第2場 秘密兵器

 俺も航平もだいぶセリフ回しが上手くなって来たと思うのだが、美琴ちゃんはまだ不満があるらしい。


「つむつむもこうちゃんも、恋する男の心情ってものがまだまだわかってないみたいね。二人共、恋したことある?」


美琴ちゃんの問いかけは度々唐突だ。俺はその質問に思わず咳き込んだ。


「そ、それは、ええと……」


俺は返答に窮してしまった。俺は「恋している」。俺の隣に座っている、この小さくて可愛い航平に。確かにそうなのだが、この場で、美琴ちゃんや先輩の部員を前に「航平が恋人です」などと堂々と宣言する程の度胸は俺にはない。俺が口ごもっていると、


「あるっちゃあるよね、つむつむ?」


と、航平が俺を見上げて言った。こいつは俺との恋人関係を何の躊躇もなくこの場で暴露するつもりなのか? お前は良くても俺はまだお前以外の人間に、俺がお前を好きであることを明かす勇気はないんだよ。
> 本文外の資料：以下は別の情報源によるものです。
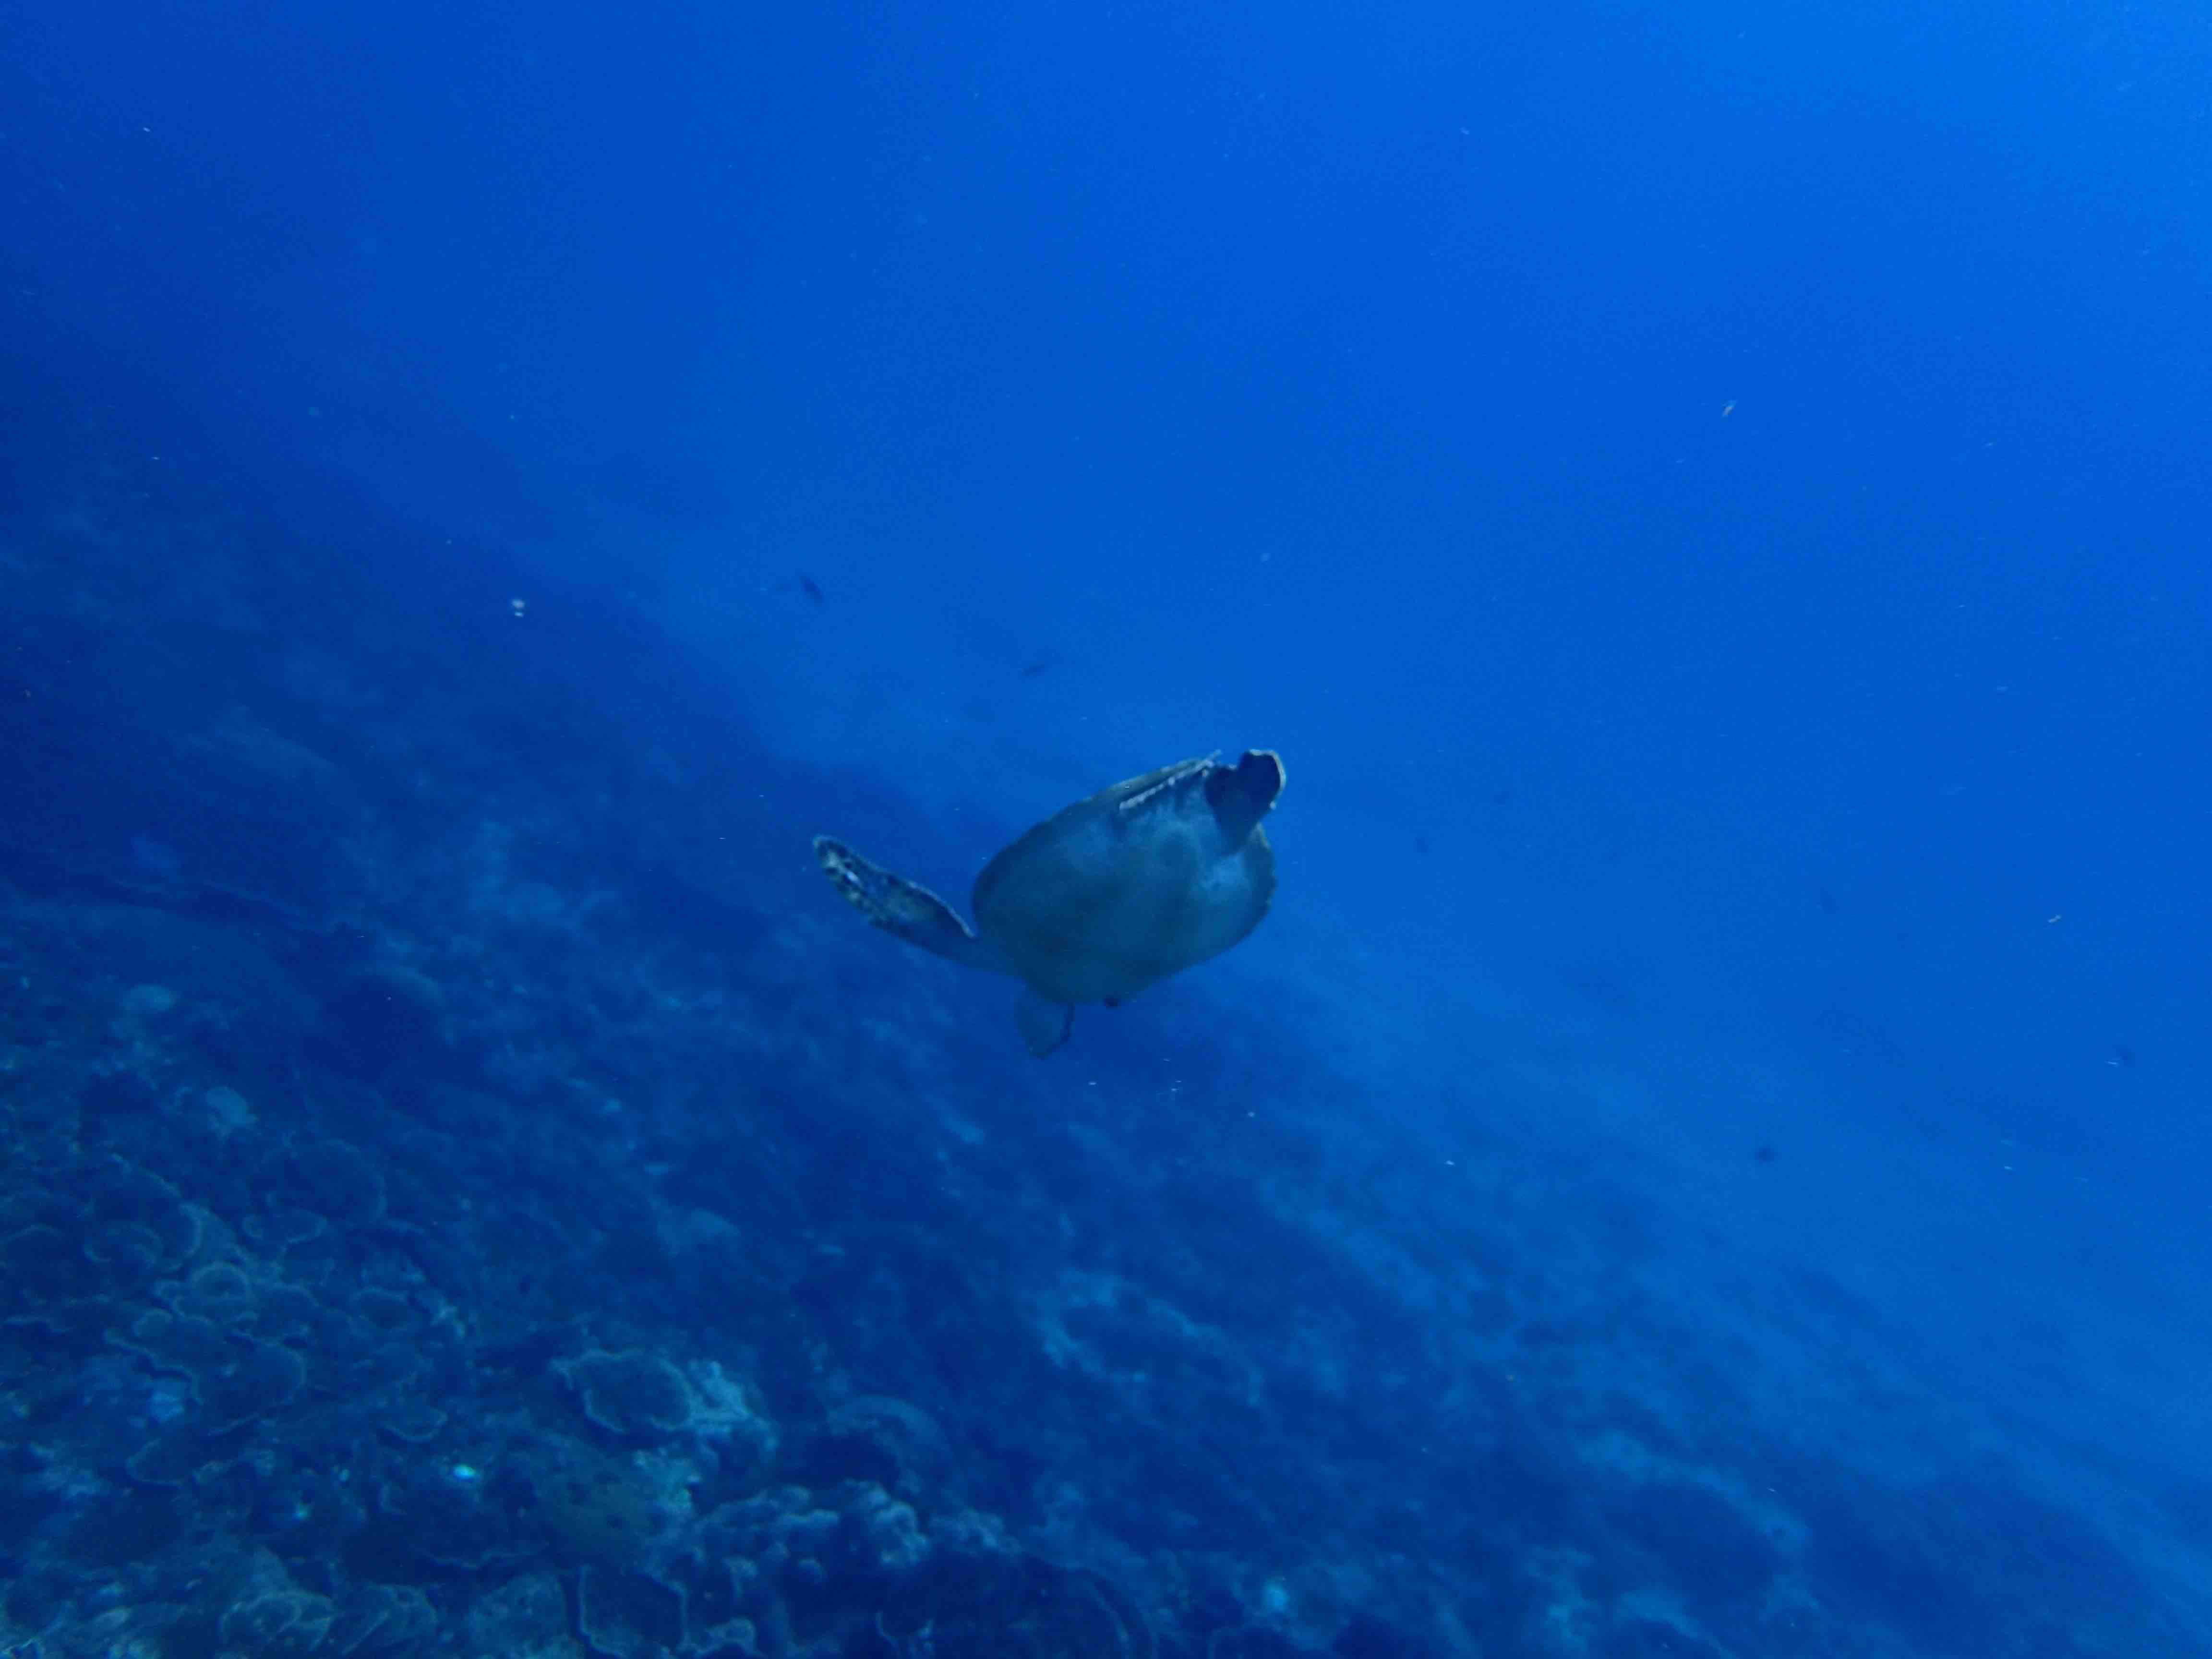 http://www.aquamarine-dive.net/blog/index.html/2015/09/11/P5260238.jpg
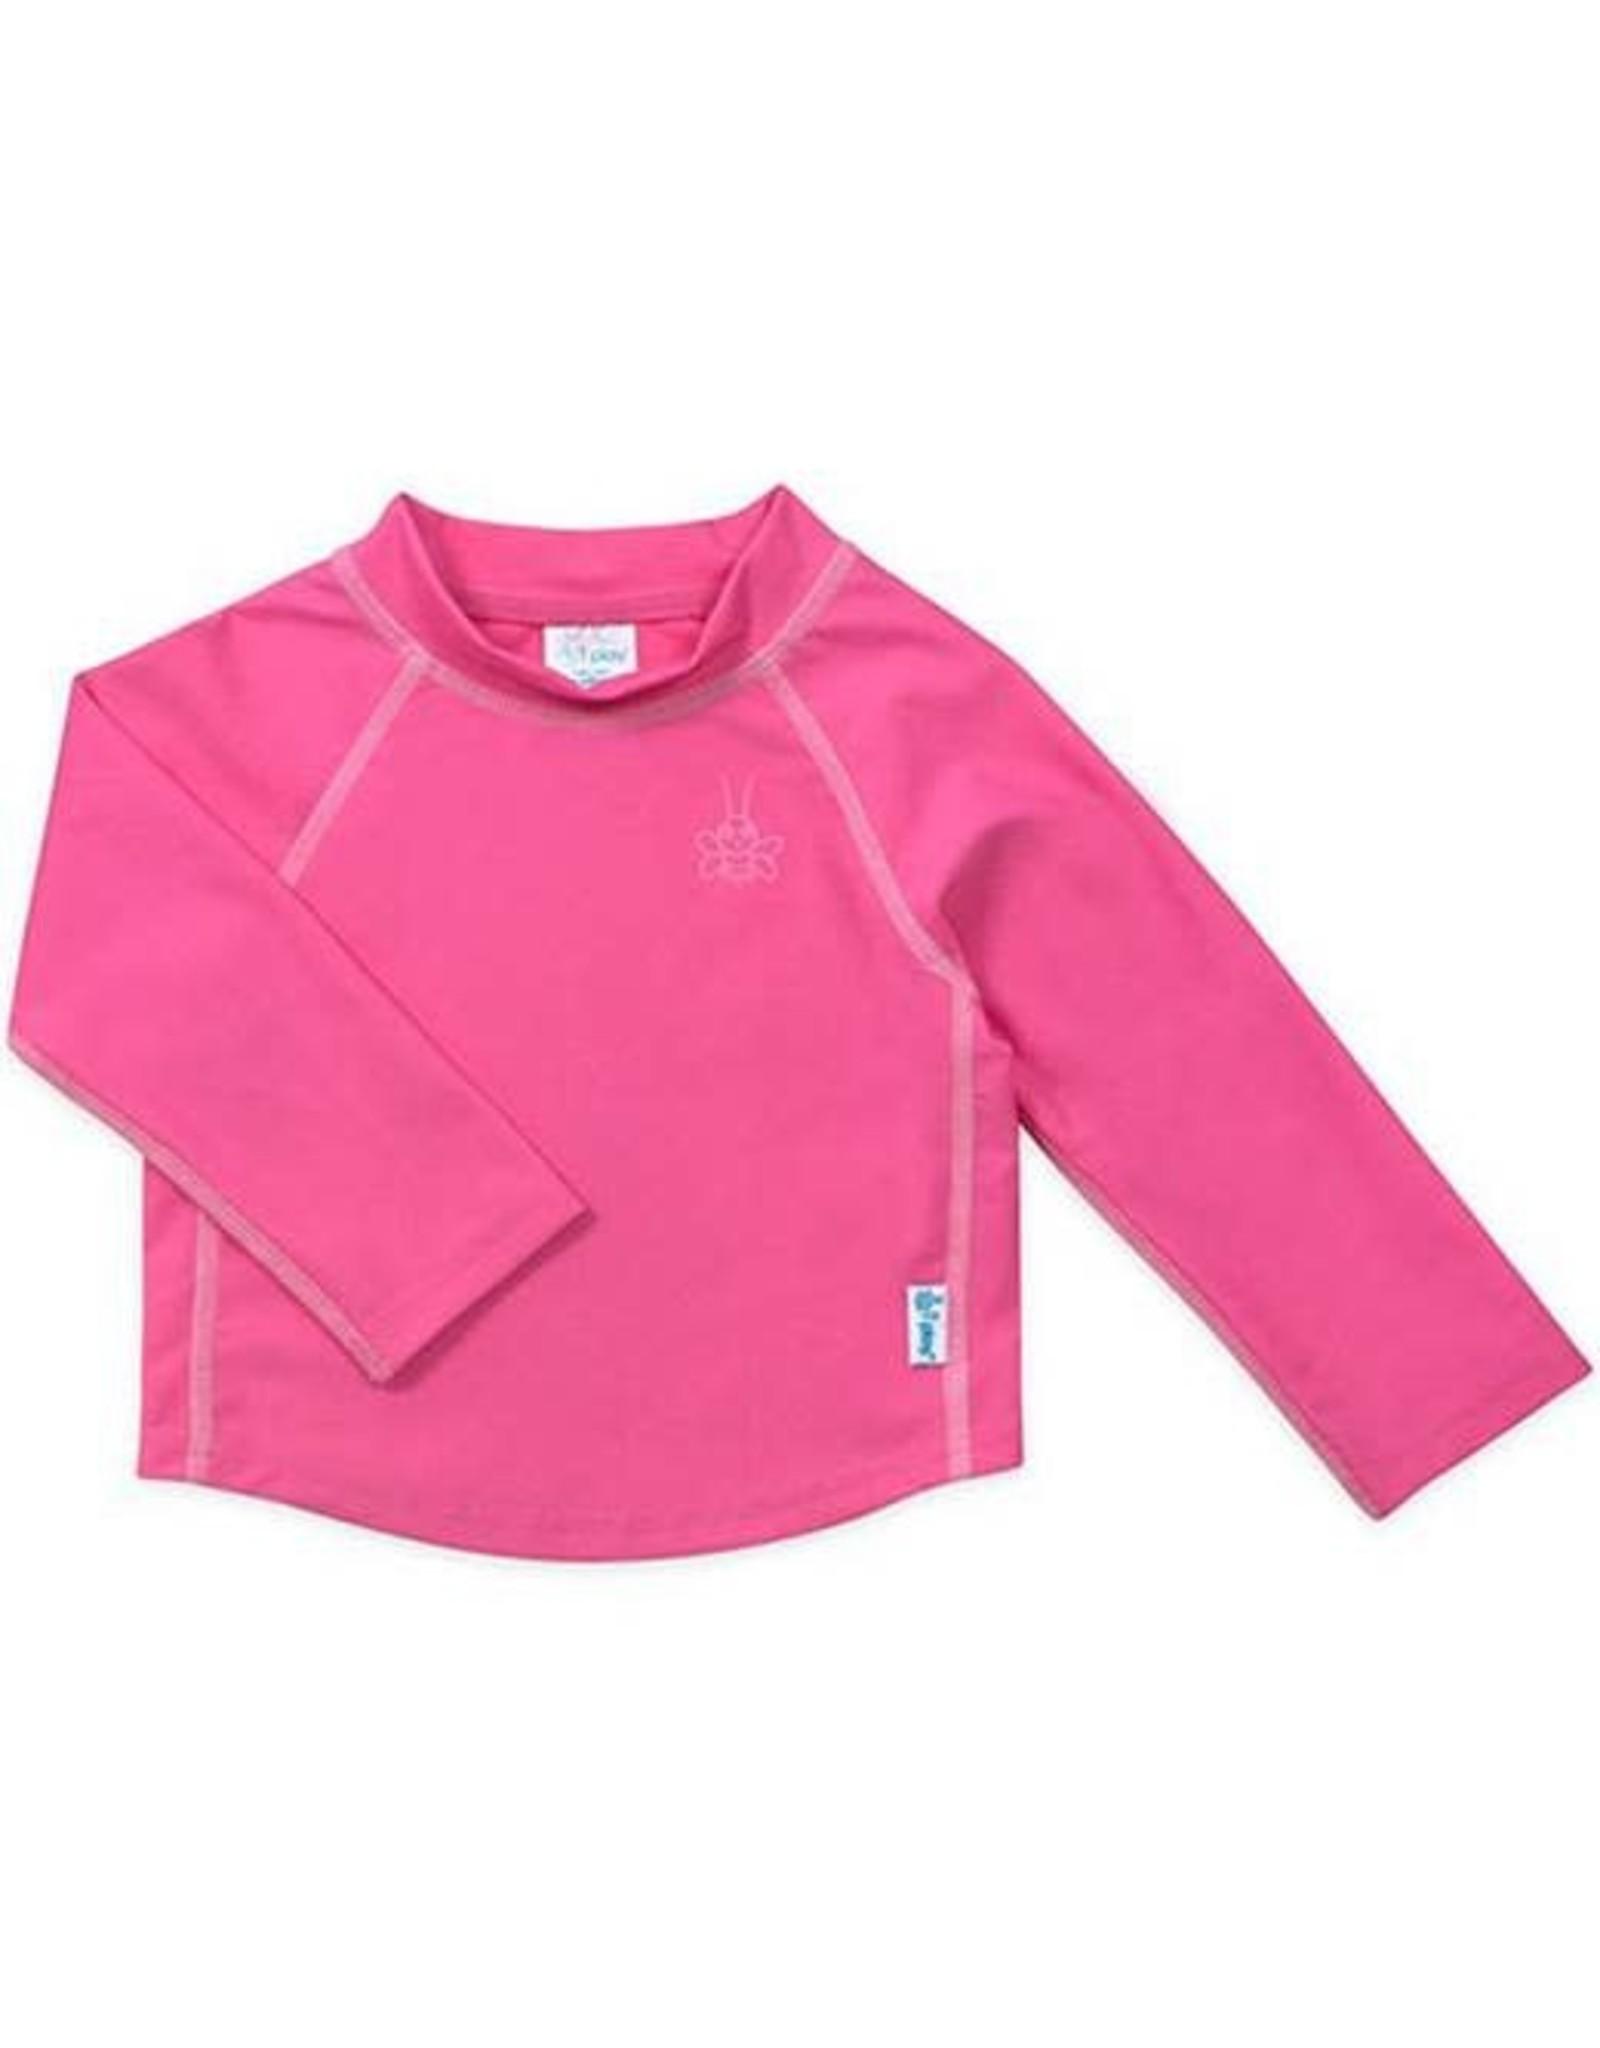 iPlay Long Sleeve Rashguard Shirt, Hot Pink

俺は慌てて航平の口を塞ぎ、


「ないです! 一度もありません!」


と叫んだ。


「やっぱりね。こういう時のために、アレを用意して来てよかったわ。ちょっと待っていて。今、職員室からアレを持って来るから」


美琴ちゃんは意味深にニヤリと不敵な笑みを浮かべると、浮足立ってスキップしながら体育館を出て行った。


「わぁ、出たよ。最終奥義」


「来たねぇ」


兼好さんと西園寺さんがニヤニヤしながら顔を見合わせて笑っている。航平は顔を真っ赤にして恥ずかしそうに俯いていた。え? 一体何が始まろうとしているんだ? 俺は嫌な予感がした。こういう時のってよく当たるんだよな。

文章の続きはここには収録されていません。